- [Data section]:
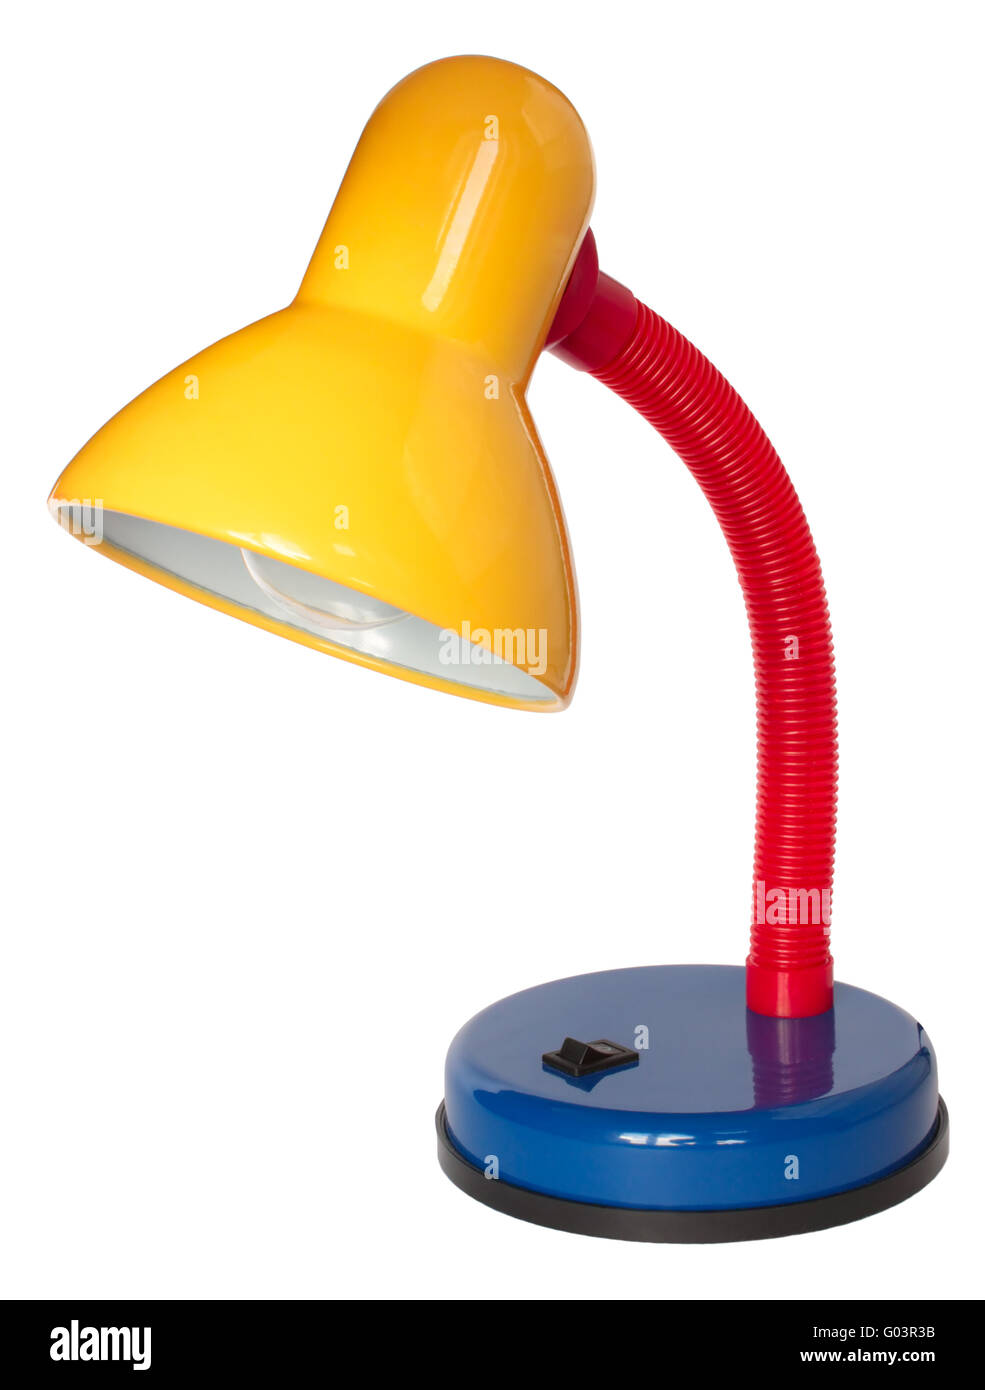 Pixar lamp Imágenes recortadas de stock - Alamy
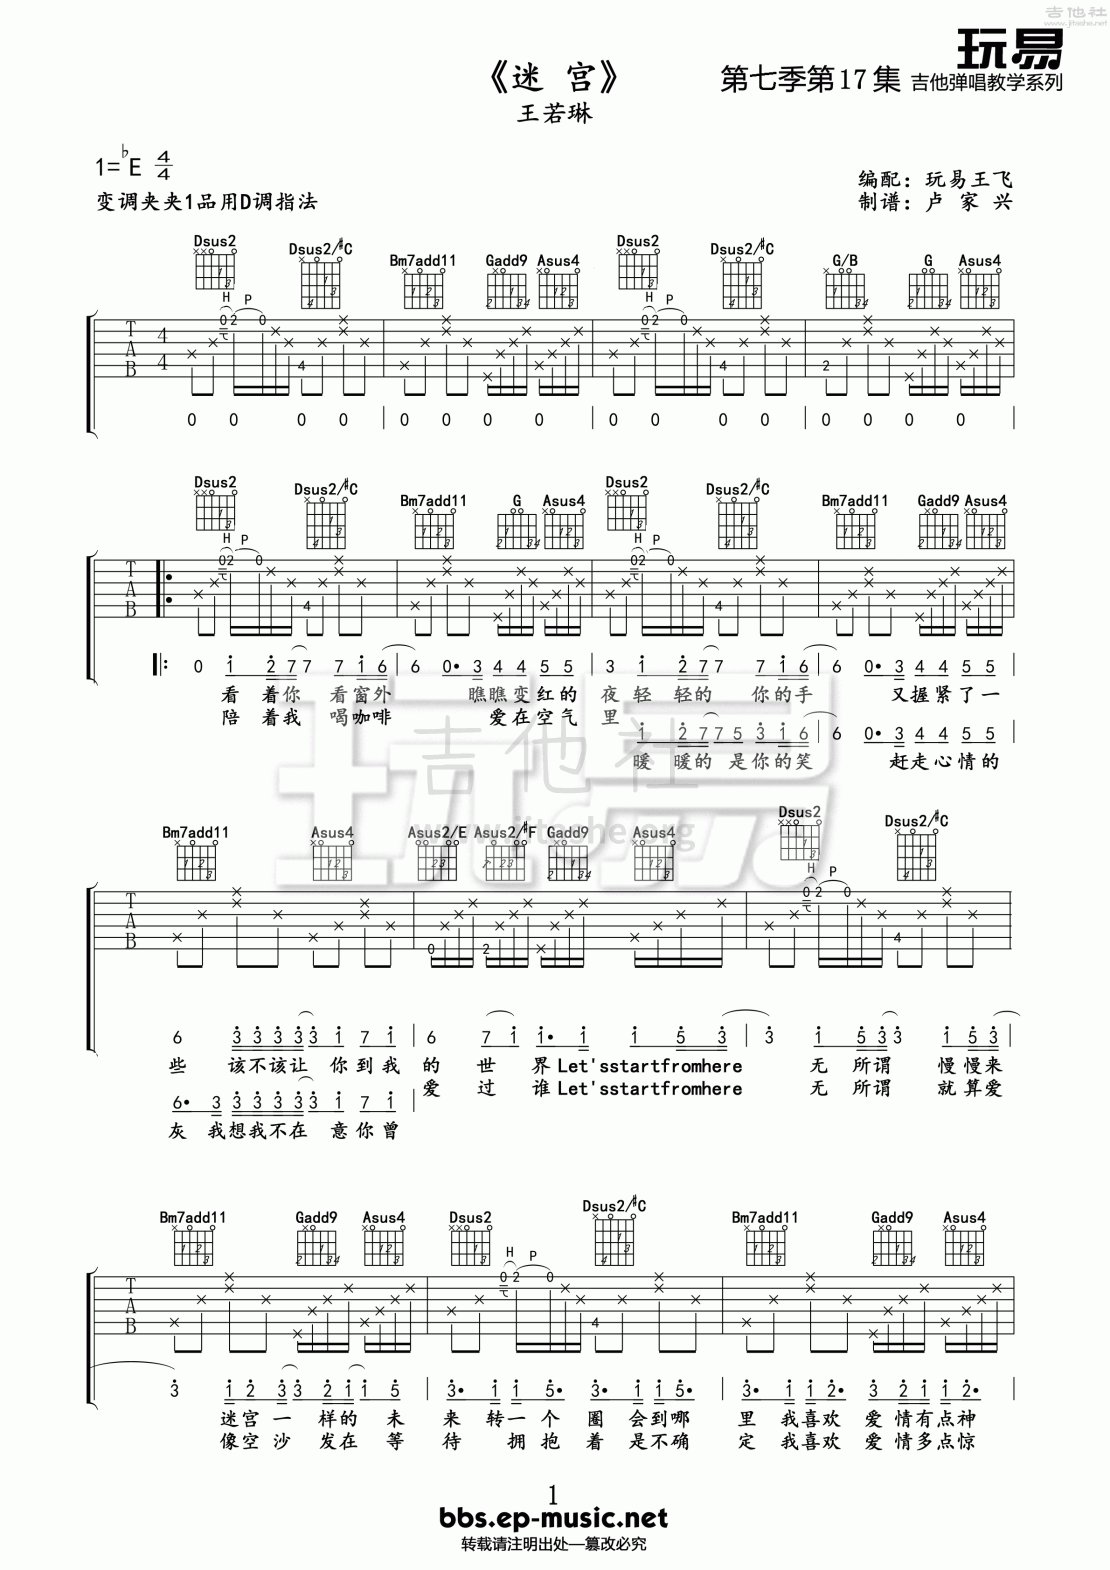 Vincent吉他谱 - DonMcLean - C调吉他弹唱谱 - 琴谱网
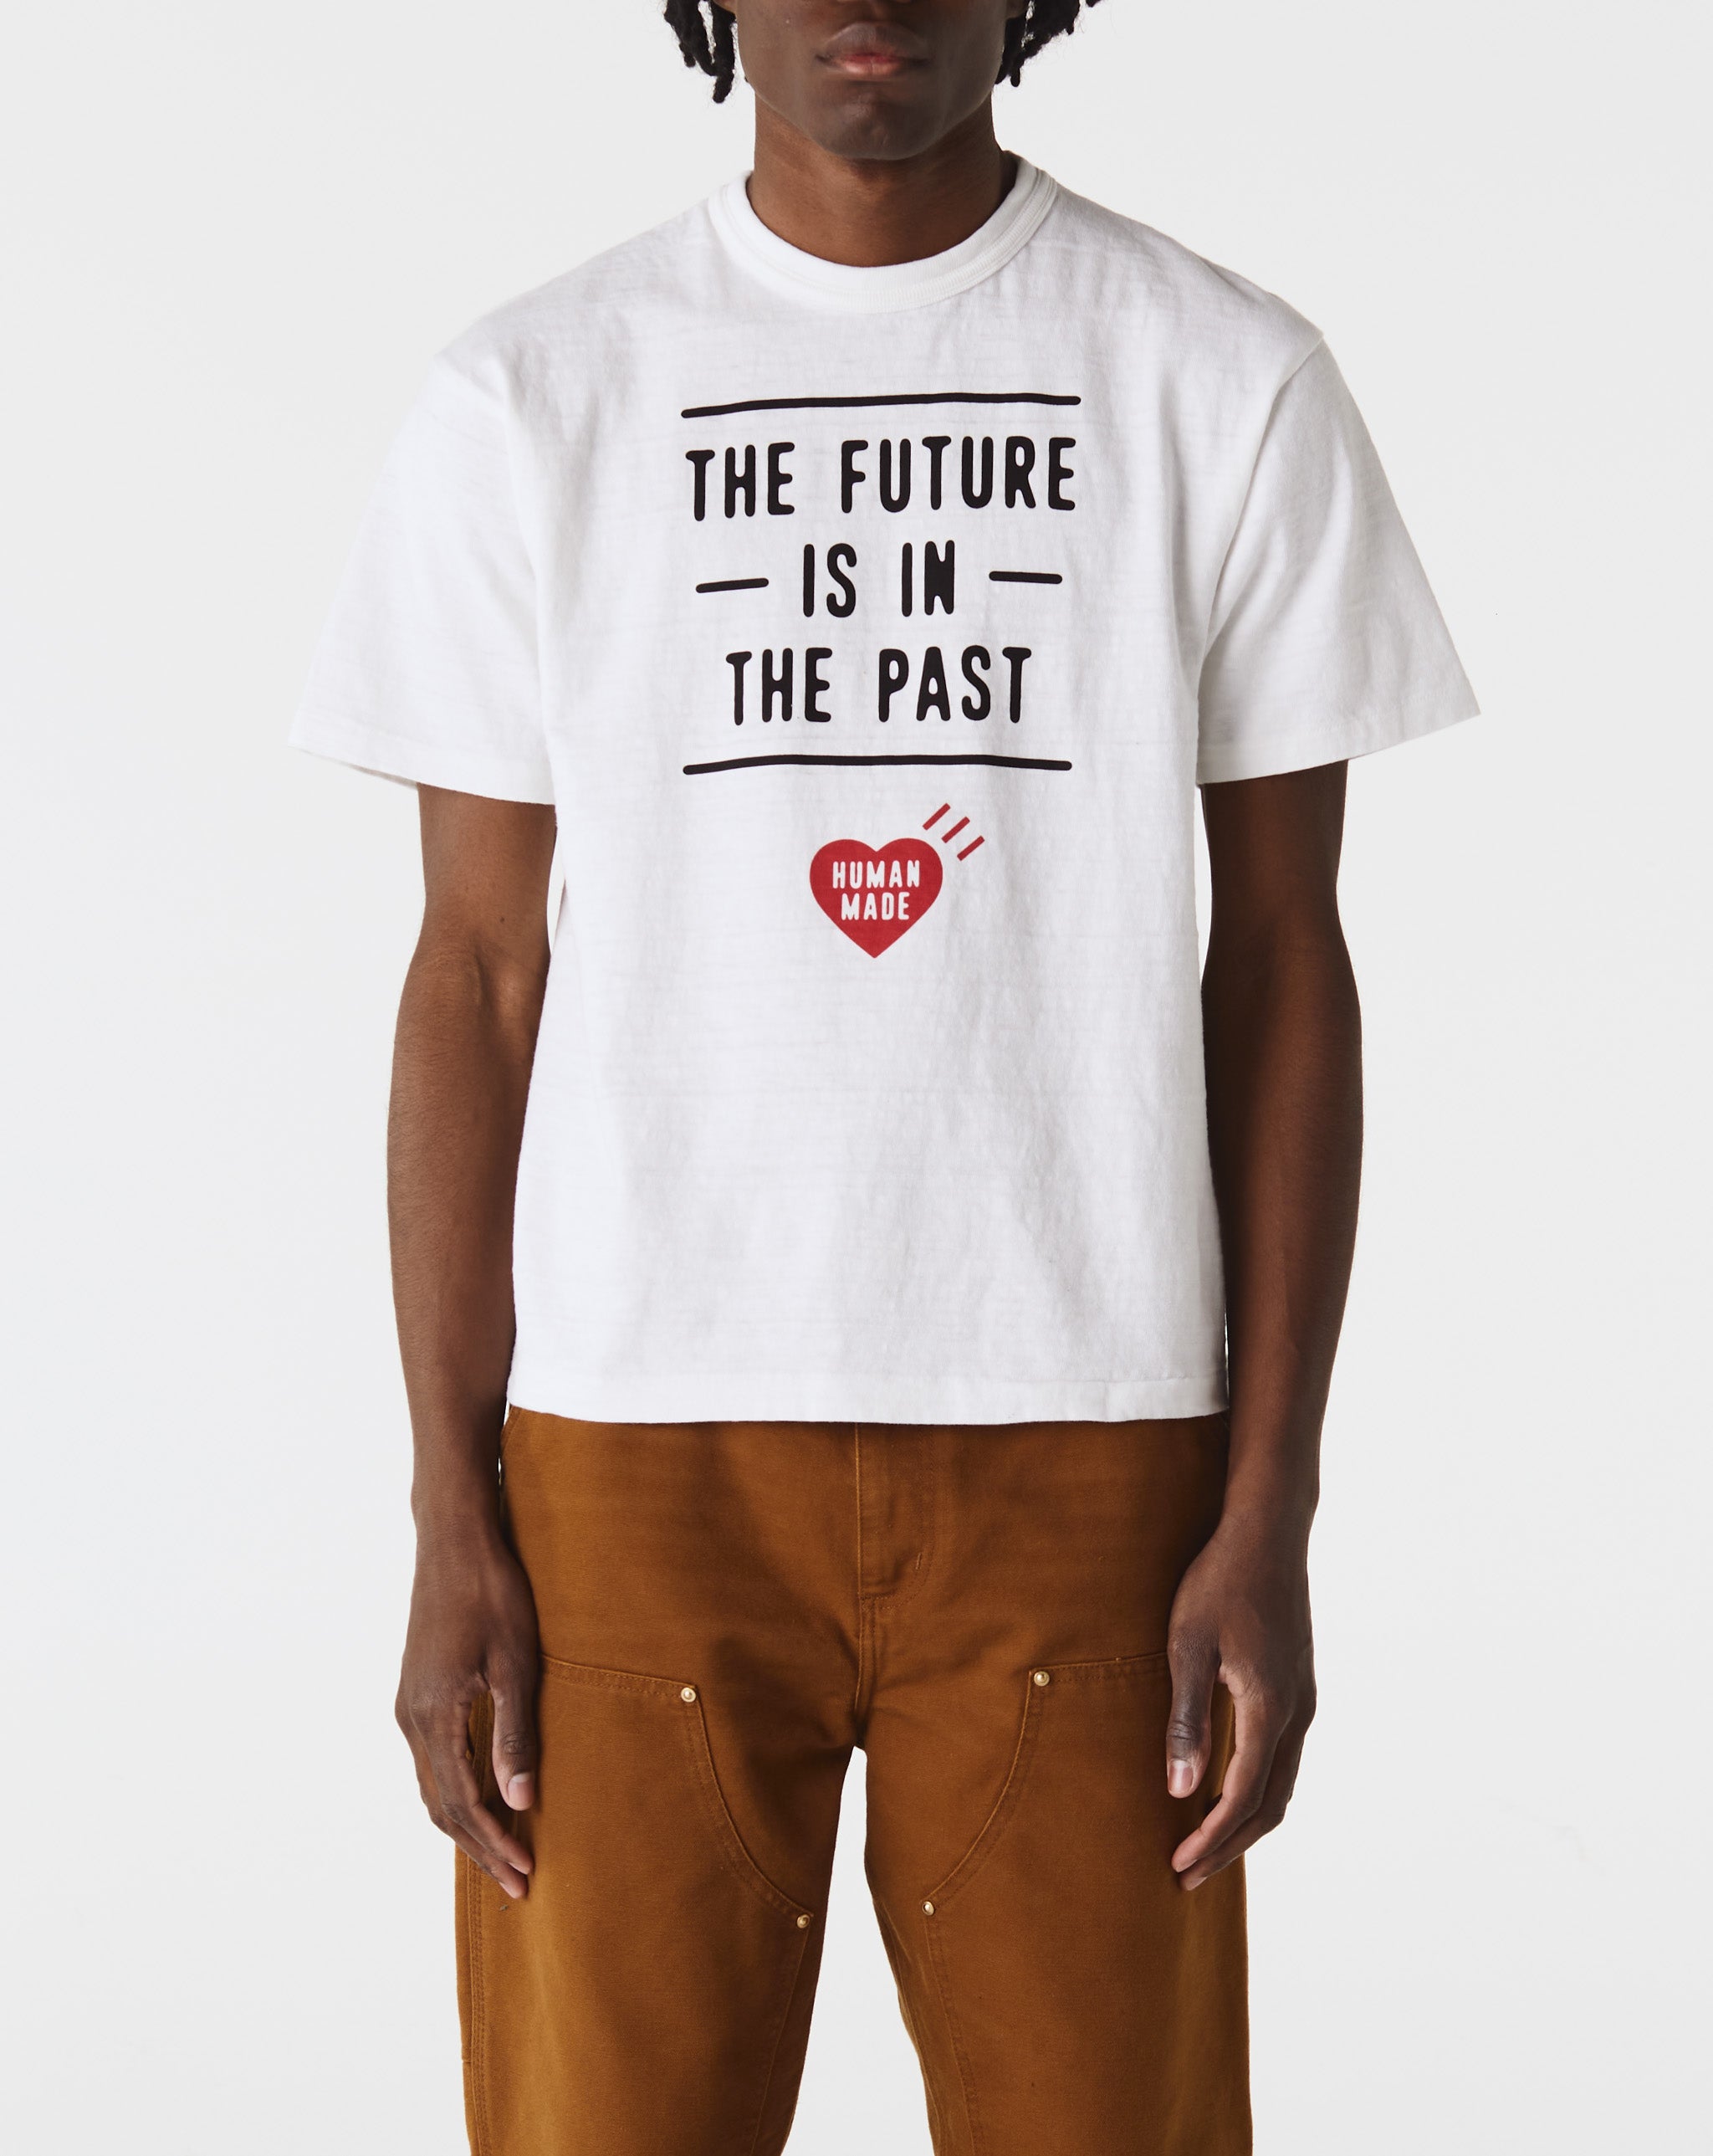 Human Made Graphic T-Shirt #03  - Cheap Cerbe Jordan outlet

- [What the exercise asks]: Restate all of the material word for word. Keep out every picture.

- [Response area]:
 Pixar lamp Imágenes recortadas de stock - Alamy
 Vincent吉他谱 - DonMcLean - C调吉他弹唱谱 - 琴谱网
 Human Made Graphic T-Shirt #03  - Cheap Cerbe Jordan outlet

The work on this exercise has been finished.